Co-op Funeralcare operated Grenoside crematorium in Sheffield, Craigton crematorium in Glasgow, Stockport cemetery and crematorium in Greater Manchester, Emstrey cemetery and crematorium in Shropshire and Lichfield & District crematorium in Staffordshire. These were sold to Dignity in 2016.

Co-op Funeralcare also operated Hinton Park, Poole and Wimbourne woodland burial parks in Dorset and Mayfields remembrance park in the Wirral, Merseyside under the Woodland Burials trading name until these were sold to Southern Co-Operatives.

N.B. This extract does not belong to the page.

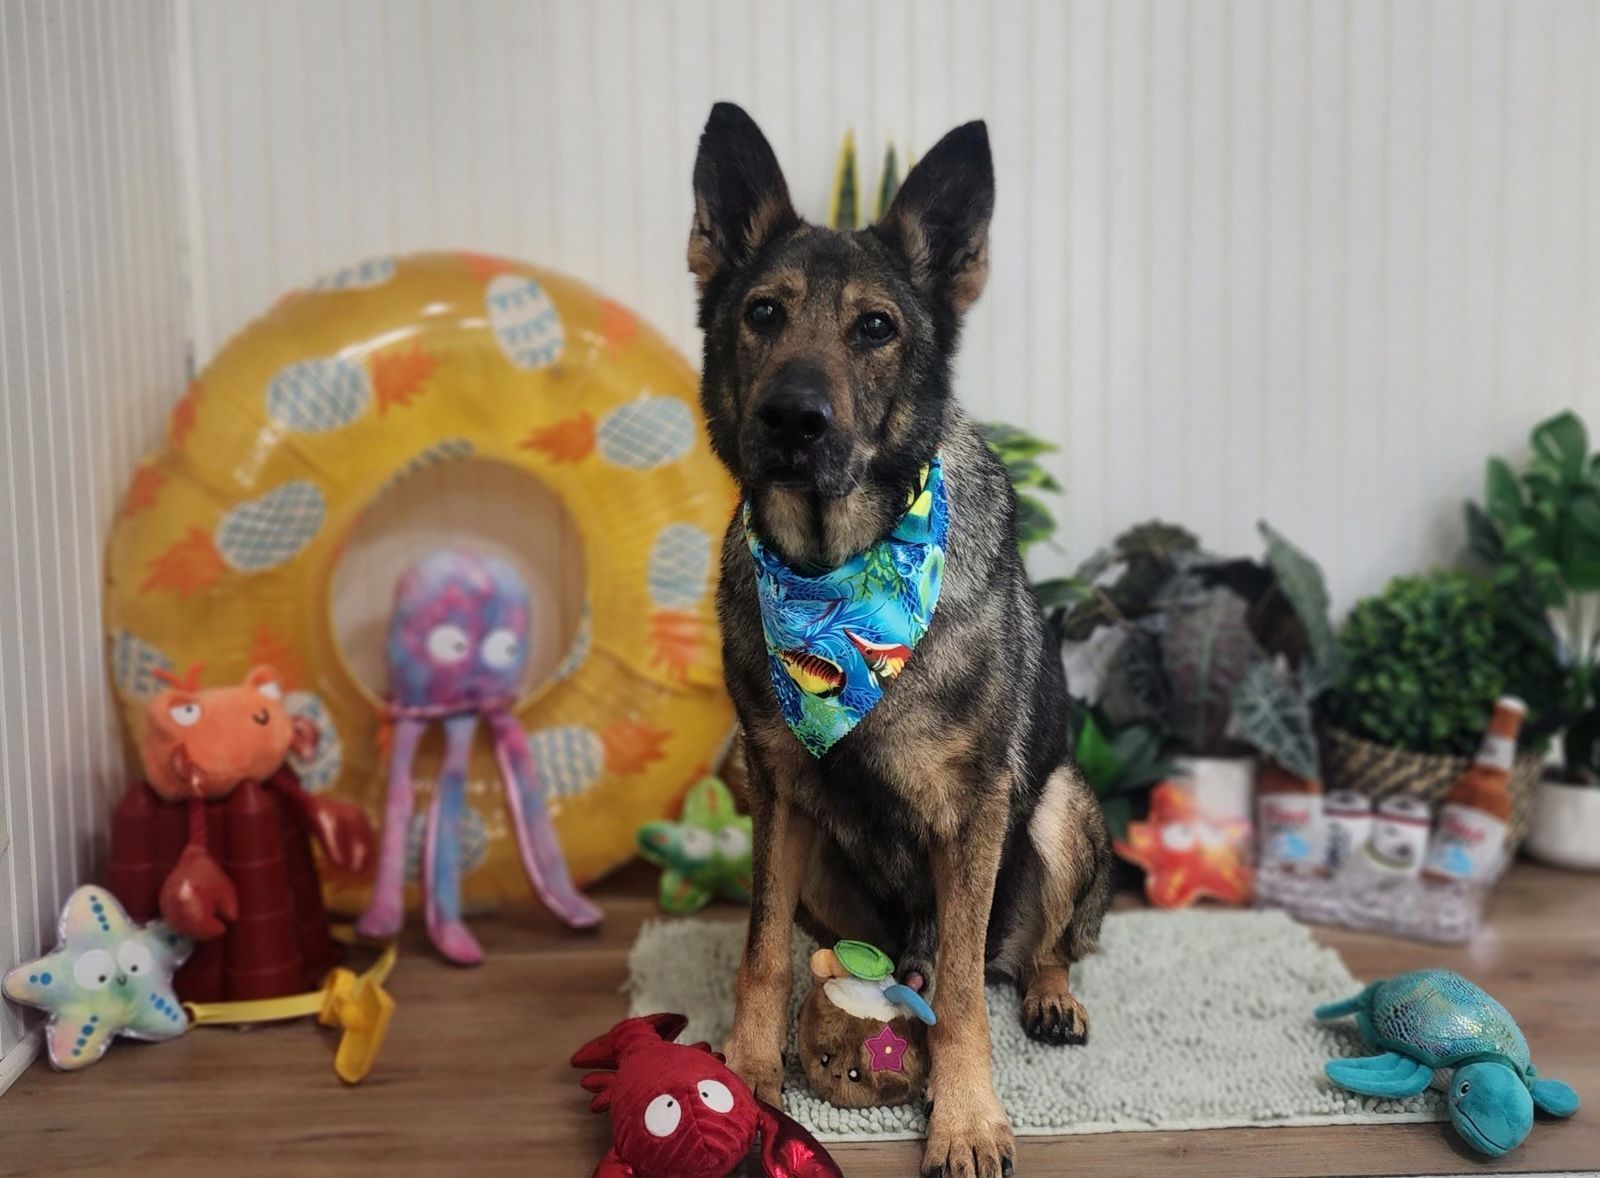 A dog wearing a bandana is sitting on a rug next to toys.

Co-op Funeralcare's coffin factory and workshop is the largest in the UK, producing over 100,000 coffins every year and supplying its funeral home network with its core range. The business sells memorial masonry throughout the funeral home network and manufactures headstones at a manufacturing facility in Glasgow, Scotland.

===Membership===
Members of The Co-operative Group and participating regional societies earn membership points on funeral and memorial masonry plans. Points are converted into dividend at a rate agreed annually by the Board.

A number of regional co-operatives such as the Central England Co-operative and the Midcounties Co-operative also operate funeral homes under "The co-operative funeralcare" brand, though these are operated and managed independently.